Pengalaman lepasnya Timor Timur dari Indonesia menjadikan pemerintah lebih waspada terhadap masalah Aceh dan Papua. Sikap politik pemerintah di era reformasi terhadap penyelesaian masalah Aceh dan Papua dilakukan dengan memberi otonomi khusus pada dua daerah tersebut.

Untuk lebih memberi perhatian dan semangat pada penduduk Irian Jaya, di era kepemimpinan Presiden Abdurrahman Wahid nama Irian Jaya diganti menjadi Papua. Dengan demikian pemerintah telah berusaha merespon sebagian keinginan warga Papua untuk dapat lebih memaksimalkan segala potensinya untuk kesejahteraan rakyat Papua sendiri.

Meskipun begitu masih saja terjadi usaha untuk memisahkan diri dari NKRI, terutama yang dipimpin oleh Theys H. Eluoy, Ketua Presidium Dewan Papua. Gerakan Papua Merdeka sempat mereda setelah Theys H. Eluoy tewas tertembak pada tanggal 11 November 2001 yang diduga dilakukan oleh beberapa oknum TNI dari Satgas Tribuana X.

Penyelesaian konflik seperti itu sebenarnya tidak dikehendaki pemerintah namun ada saja oknum yang memancing di air keruh sehingga menimbulkan ketegangan. Keinginan sebagai rakyat untuk merdeka telah menyebabkan pemerintah bertindak keras. Apalagi setelah pengalaman Timor Timur dan pemberian otonomi khusus pada rakyat tidak memberikan hasil maksimal.

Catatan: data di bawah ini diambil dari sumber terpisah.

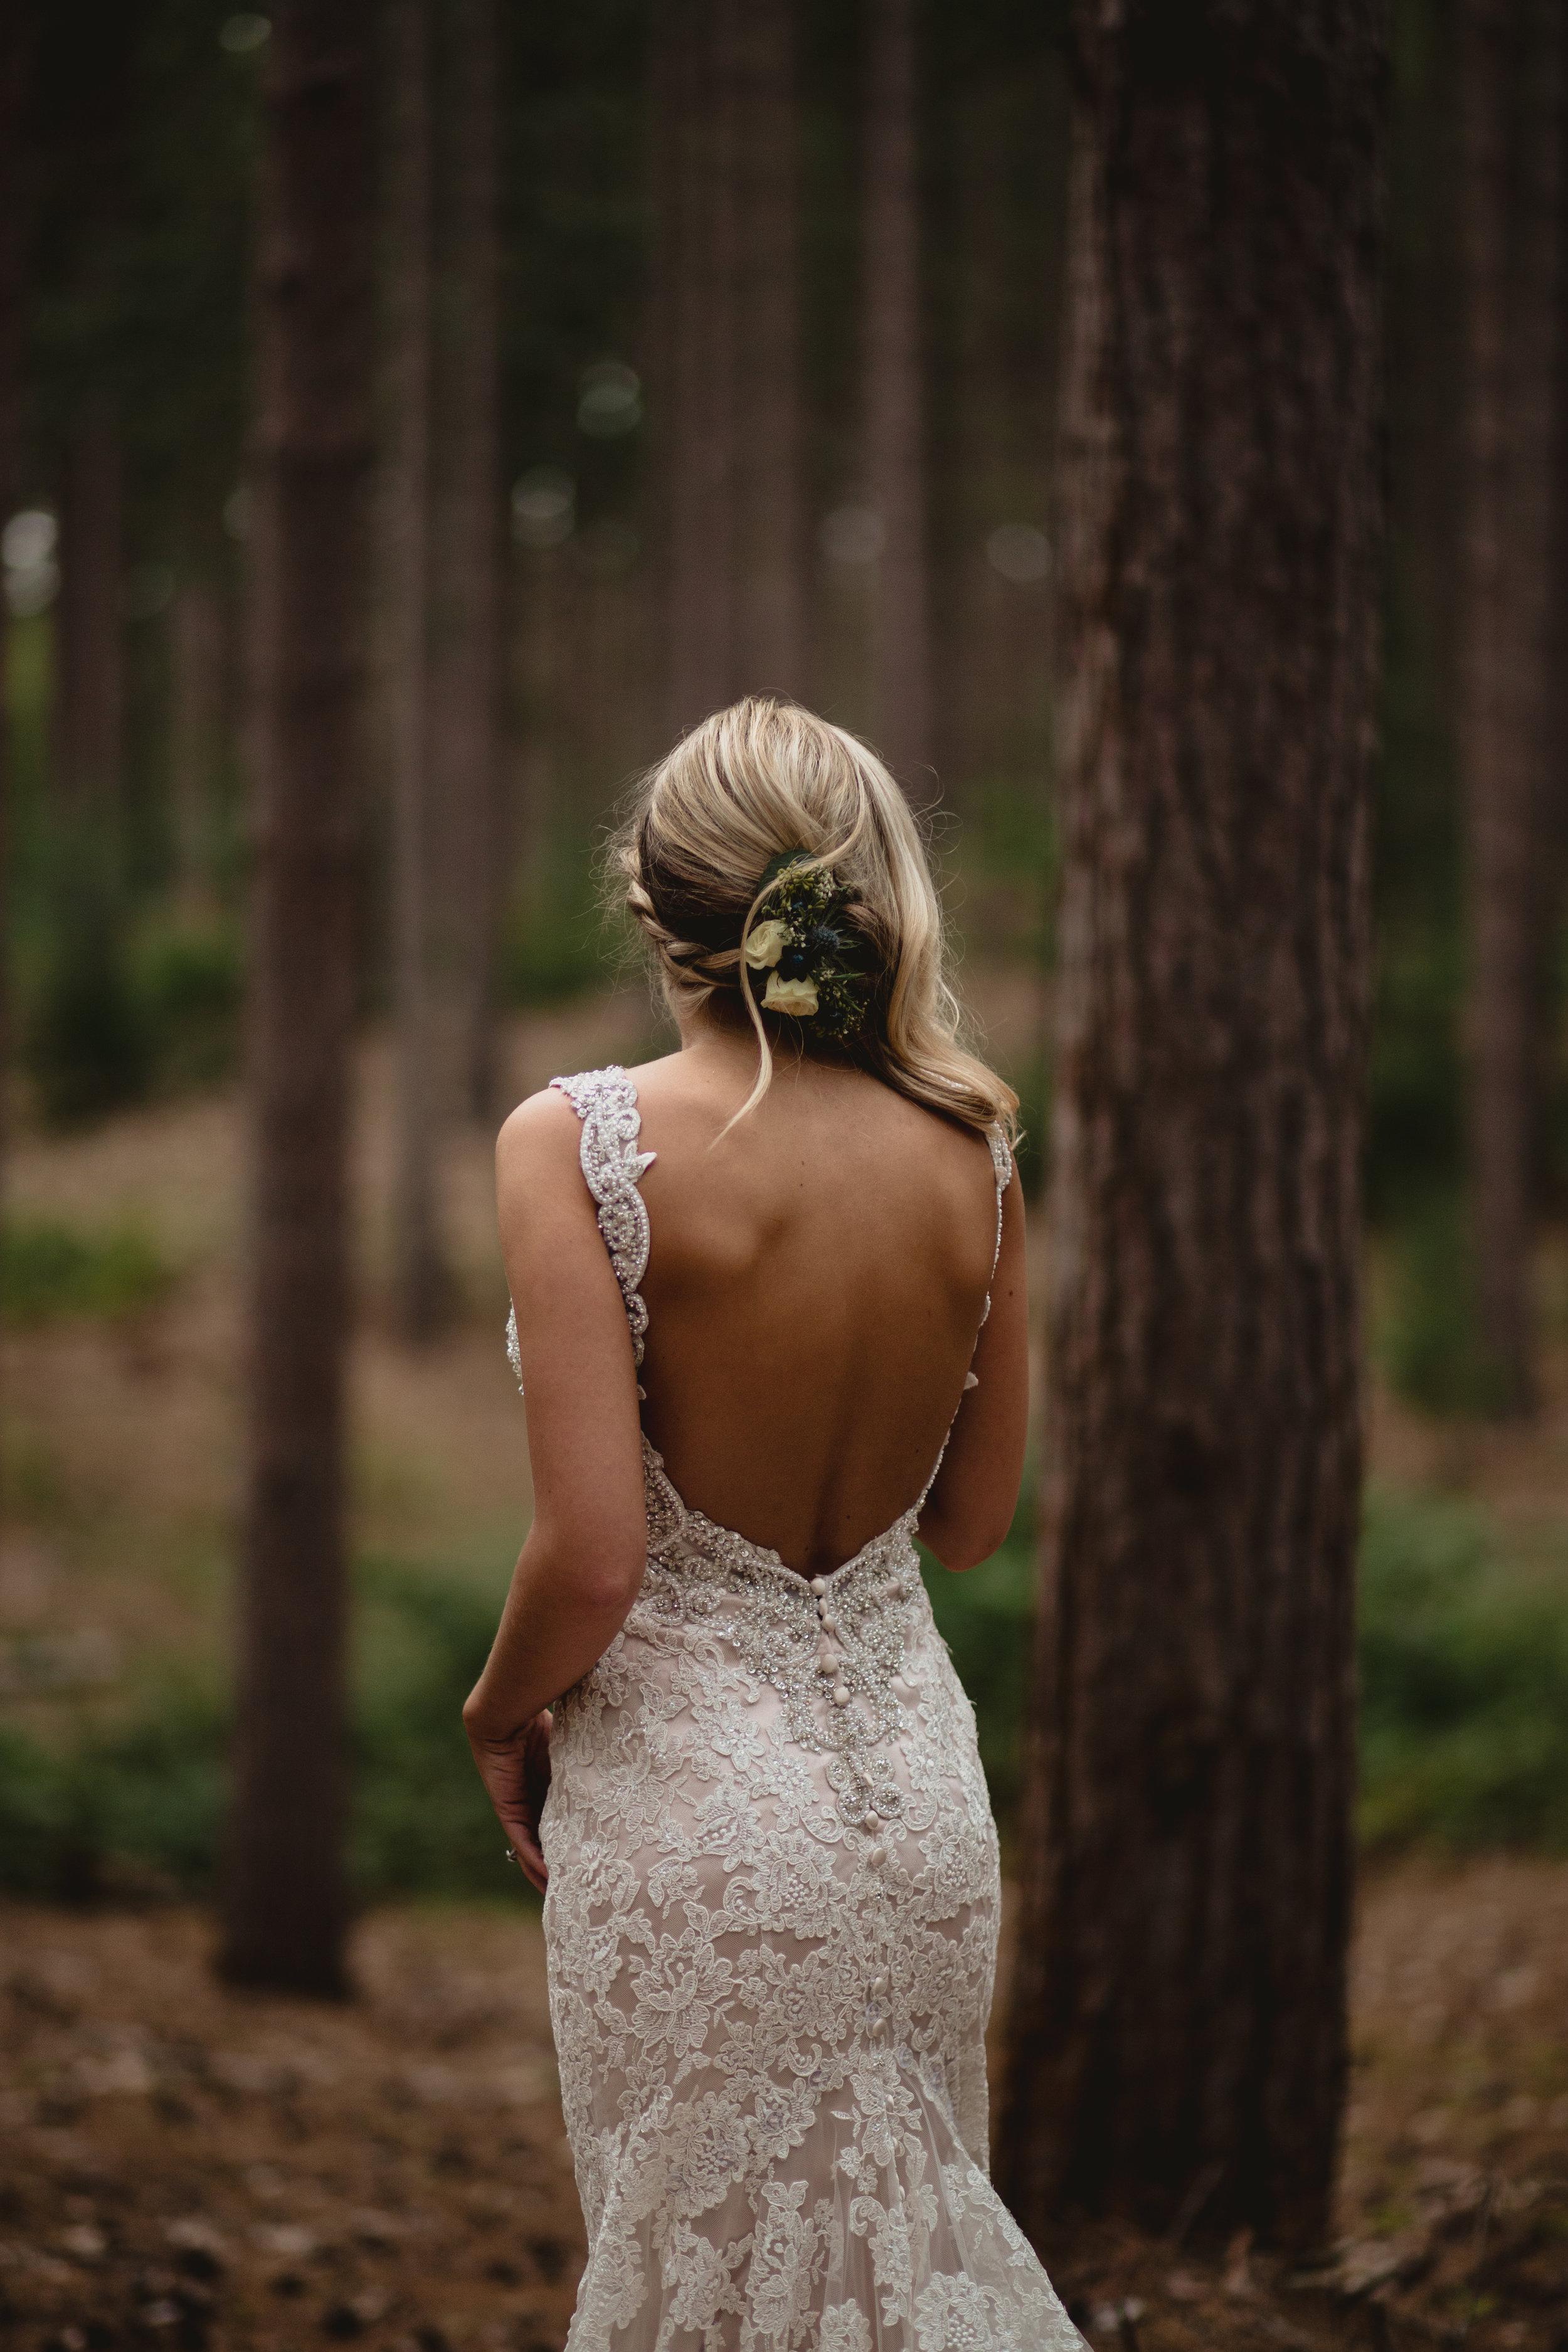 west-michigan-wedding-photographer-whitehall-rachel-austin-chapel-in-the-pines-381.jpg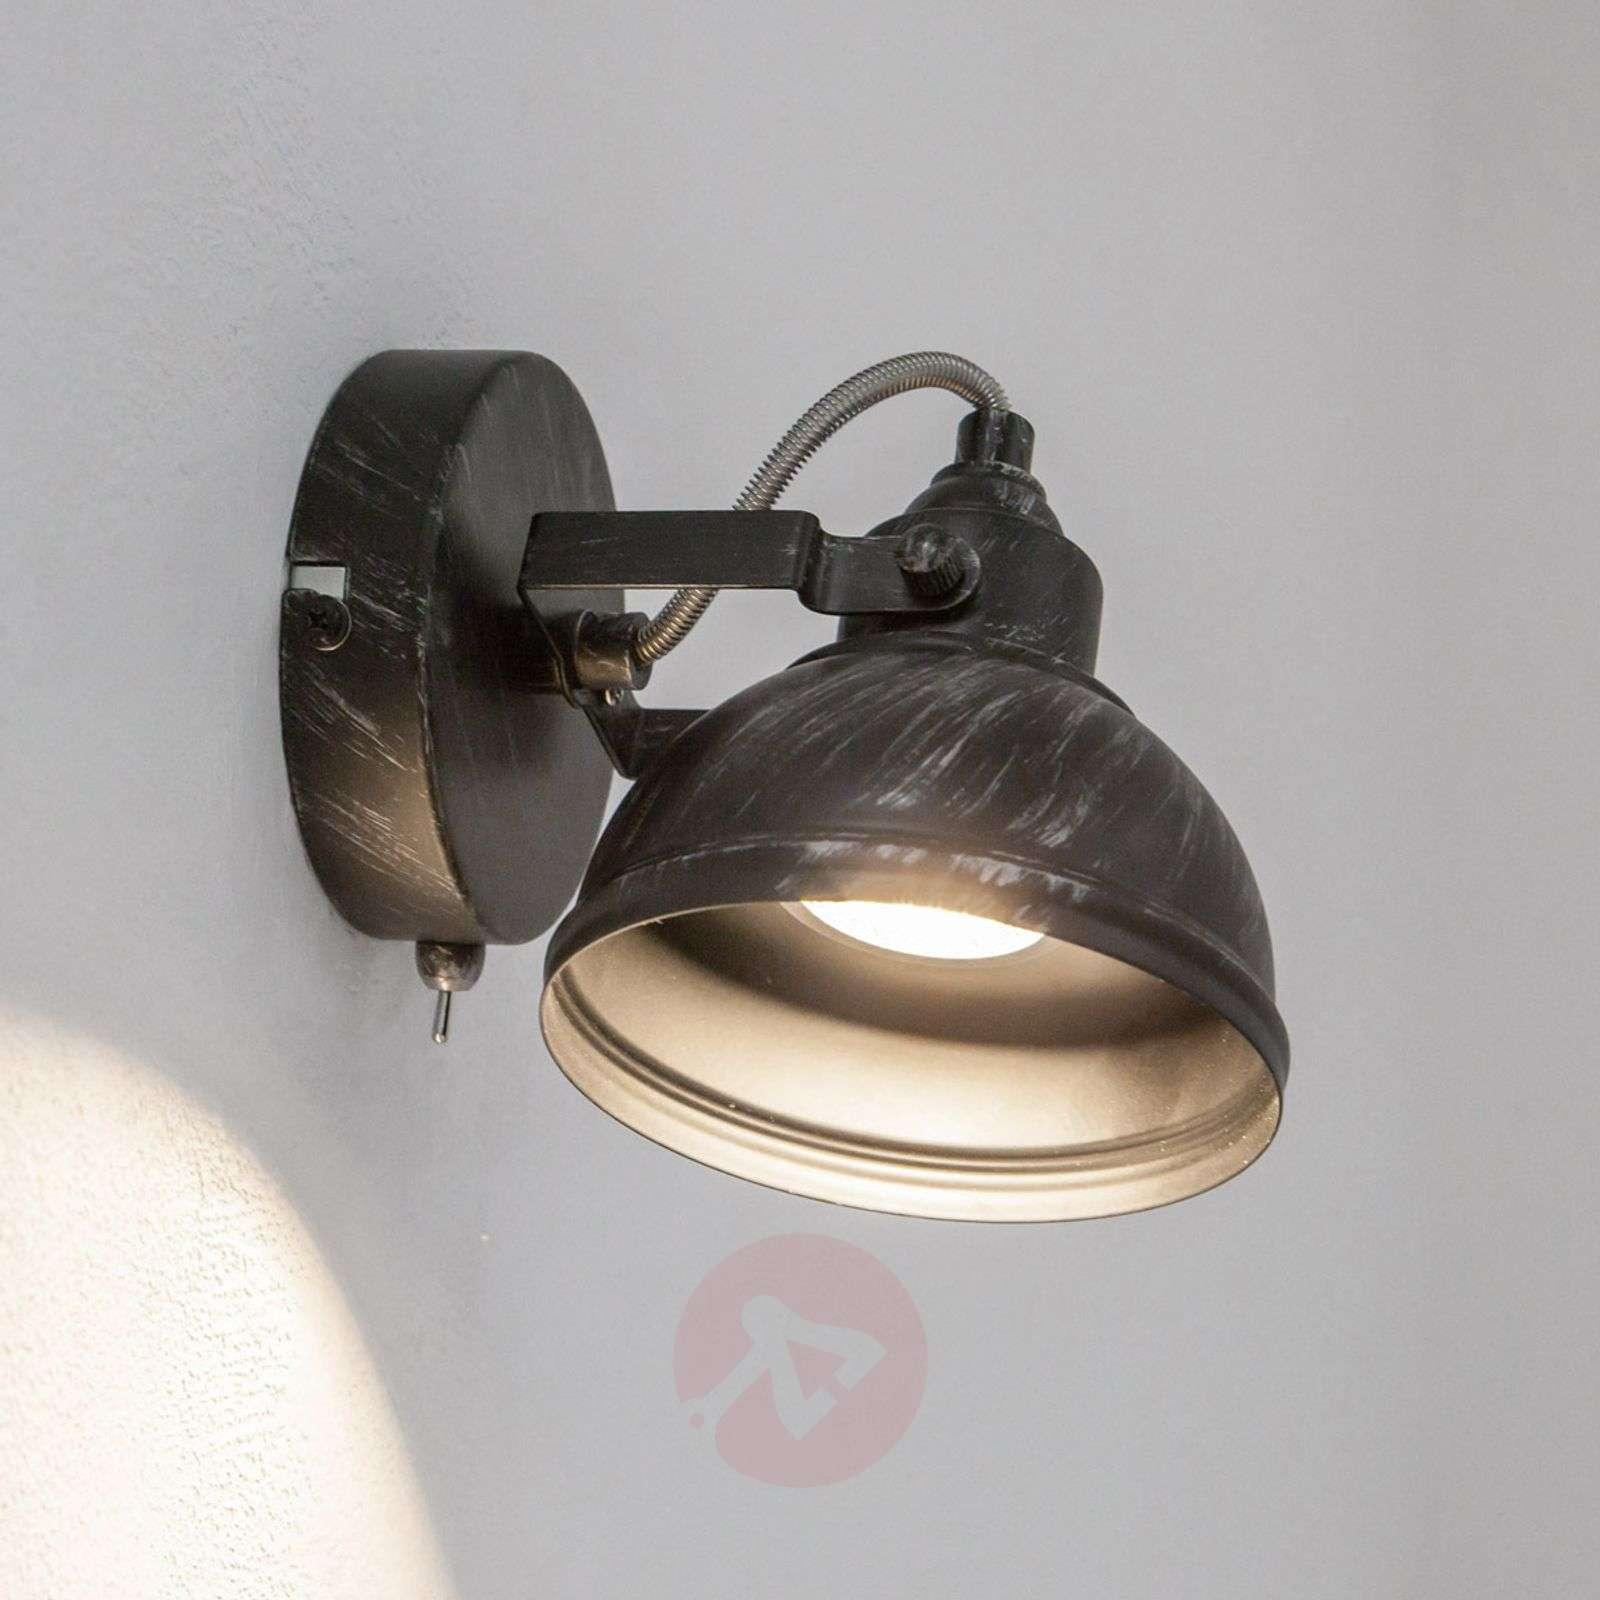 Antique-looking GU10 spotlight Etienne-9634019-010

Pada masa pemerintahan Presiden Megawati Sukarno putri, Aceh telah mendapat otonomi khusus dengan nama Nanggroe Aceh Darusalam. Namun, keinginan baik pemerintah kurang mendapat sambutan sebagian rakyat Aceh. Kelompok Gerakan Aceh Merdeka (GAM) tetap pada tuntutannya, yaitu ingin Aceh merdeka.

Akibatnya, di Aceh sering terjadi gangguan keamanan, seperti penghadangan dan perampokan truk-truk pembawa kebutuhan rakyat, serta terjadinya penculikan dan pembunuhan pada tokoh-tokoh yang memihak Indonesia. Agar keadaan tidak makin parah, pemerintah pusat dengan persetujuan DPR, akhirnya melaksanakan operasi militer di Aceh.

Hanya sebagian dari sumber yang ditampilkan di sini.